# Will Global Warming be the end of snowblowerforum.com?



## MrSnowBlow (Apr 2, 2017)

*With all the media and political hype on this topic, are our days numbered as members of this forum? I just bought a brand new Toro and wonder if a new boat may have been a more sensible (long term) purchase? What say you?*


----------



## HCBPH (Mar 8, 2011)

There are those that want to Chicken Little and declare "The Sky is Falling". We have had light winters and we've had heavy. Don't declare snow is gone till it's gone, and I don't expect that in our lifetime.


----------



## penna stogey (Nov 25, 2019)

I say no...Snow is always imminent this time of year!!


----------



## Tony P. (Jan 9, 2017)

Amazon is testing a drone snow blower service using lasers as we speak. There's a smaller one for sidewalks and larger for driveways. Someday they may be clearing roads without the need for plows.

Click on this link for a video:

www.youdidn'treallybelievethis.com


----------



## CarlB (Jan 2, 2011)

MrSnowBlow said:


> *With all the media and political hype on this topic, are our days numbered as members of this forum? I just bought a brand new Toro and wonder if a new boat may have been a more sensible (long term) purchase? What say you?*




hahahahahahahahahahhahahahahahahahahahha


----------



## Dauntae (Nov 10, 2016)

yup there will be NO MORE SNOW so I will do my part and properly dispose of all the snowblowers free of charge, Just contact me and I will give the address to send all the useless snow blowers for disposal. :devil:


----------



## broo (Dec 23, 2017)

IMO it's not as much global warming as climate change. In my area, it feels like average temps are cooler than usual year-round, yet to the north it's warmer. As if the cold shifted somehow. I believe the biggest problem will be water level rising due to all the snow in the north not being "replaced" as quickly as it melts.

The seasons also seems to have shifted a bit, usually starting and ending about a month late.


----------



## Davejb (Jan 28, 2018)

Media & political hype is just that, no one claiming anything climate related can prove that they are correct. Weather & climate have always been an ever changing thing and they will continue to be so.
Nothing but time will prove who is right and who is wrong.


----------



## TooTall999 (Nov 19, 2015)

Laugh and joke all you want, but climate change is real. The polar ice caps and glaciers are melting at an alarming rate. It may not affect our generation, but we have to be thinking of future generations. It's no joke!


----------



## Davejb (Jan 28, 2018)

TooTall999 said:


> Laugh and joke all you want, but climate change is real. The polar ice caps and glaciers are melting at an alarming rate. It may not affect our generation, but we have to be thinking of future generations. It's no joke!

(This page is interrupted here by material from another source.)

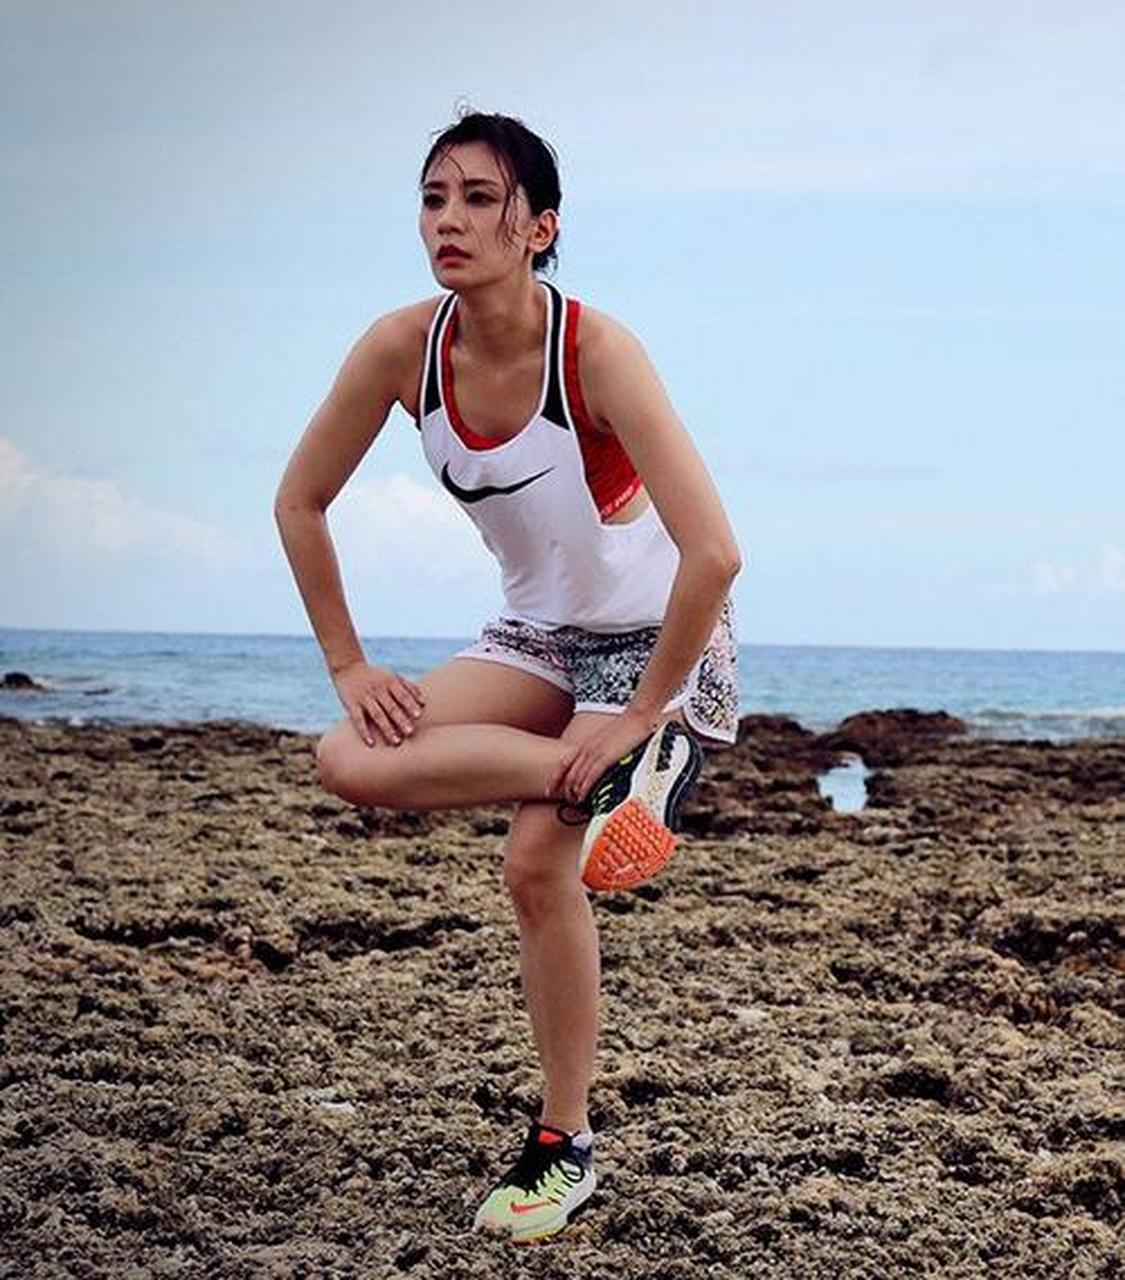 贾静雯是一个出入健身房频率超高的女星之一,爱运动的女生最美呀!

Yup, as I said above. It's been changing for thousands of years, before recorded time even, nothing we do can stop the climate from doing what it does naturally, nor should we try to stop it.


----------



## Miles (Sep 16, 2016)

The young will have to save this planet. We oldsters are too entrenched in our ways...


----------



## Oneacer (Jan 3, 2011)

Our lifespan, and even previous generations lifespans, are but a spec of sand in the earths evolution, until its demise at some point.

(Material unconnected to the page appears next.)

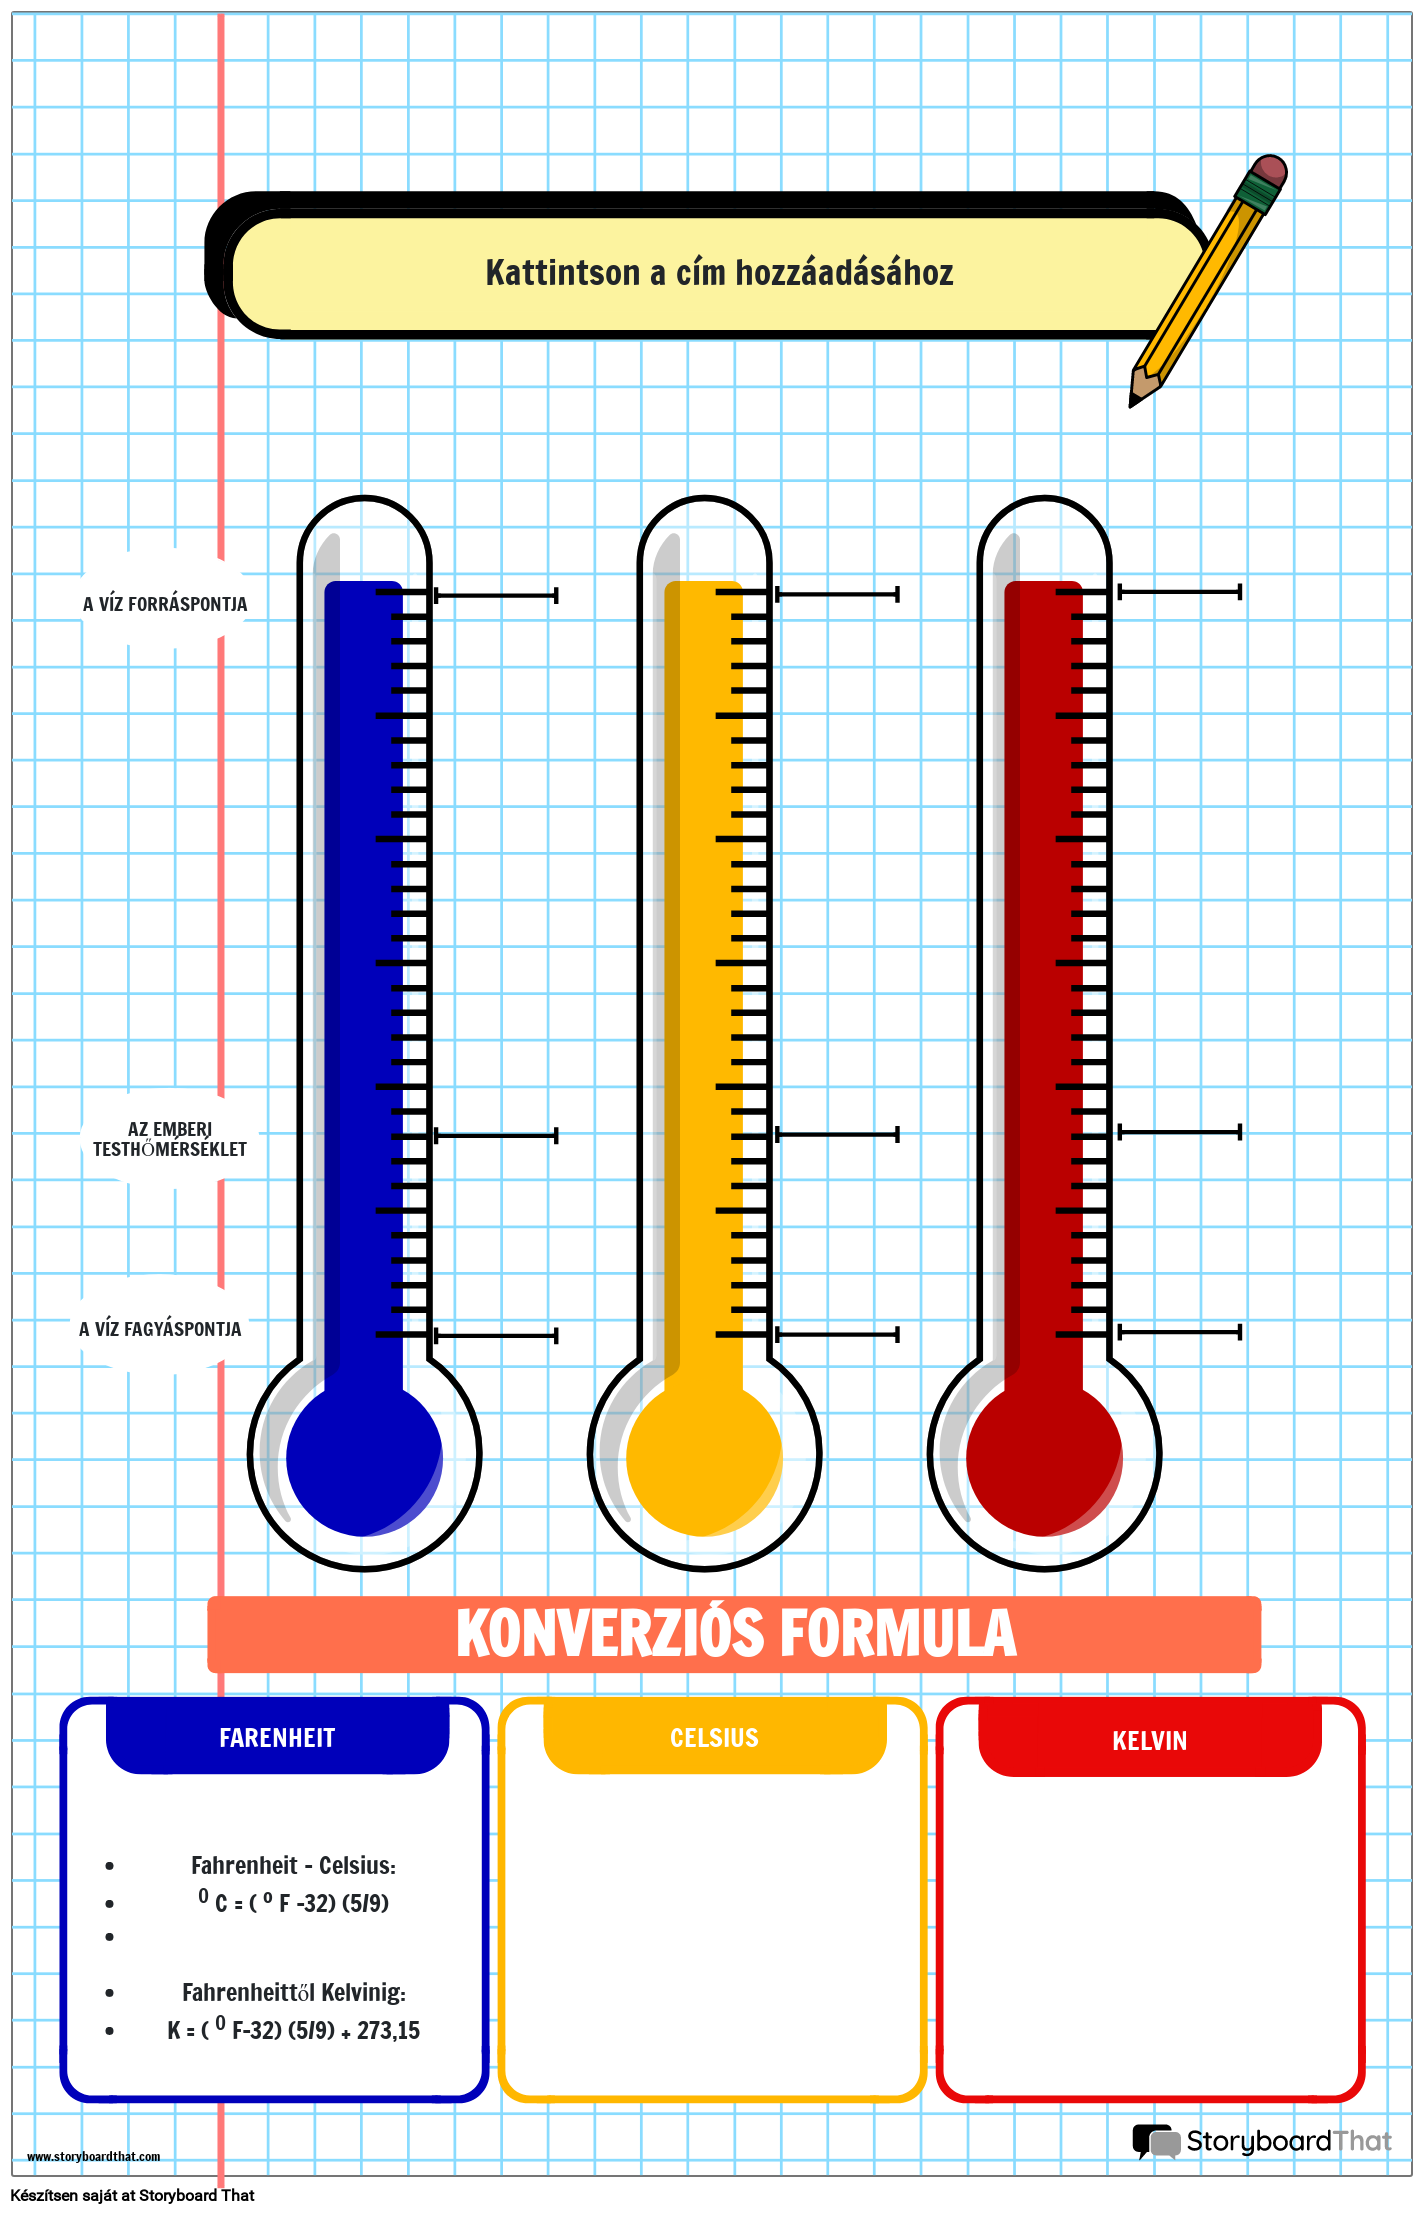 Notebook Témájú Hőmérsékleti Diagram Poszter

Earth is ever evolving in the millions and millions of years, and will continue to do so, with or without us.

There has always been mild winters and severe winters in my lifespan thus far, and I am sure it will remain that way.

I put climate change discussion right in the category like religion and politics …. every person has there own view, and many don't agree.

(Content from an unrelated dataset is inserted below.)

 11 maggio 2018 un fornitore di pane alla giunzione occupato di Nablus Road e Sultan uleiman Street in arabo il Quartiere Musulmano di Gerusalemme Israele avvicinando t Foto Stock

Oh, btw, my snowblowers are not going anywhere ….


----------



## Nanook12 (Nov 26, 2019)

Well, two feet of snow on the ground in Interior Alaska. Very stormy Fall with lots of precipitation. Rivers all frozen over, mountains are all white, Arctic Ocean freezing over as normal and three weeks to the shortest day of the year. Not seeing anything out of the ordinary up here! Every Winter pretty much the same routine for the last 40 years...


----------



## GustoGuy (Nov 19, 2012)

TooTall999 said:


> Laugh and joke all you want, but climate change is real. The polar ice caps and glaciers are melting at an alarming rate. It may not affect our generation, but we have to be thinking of future generations. It's no joke!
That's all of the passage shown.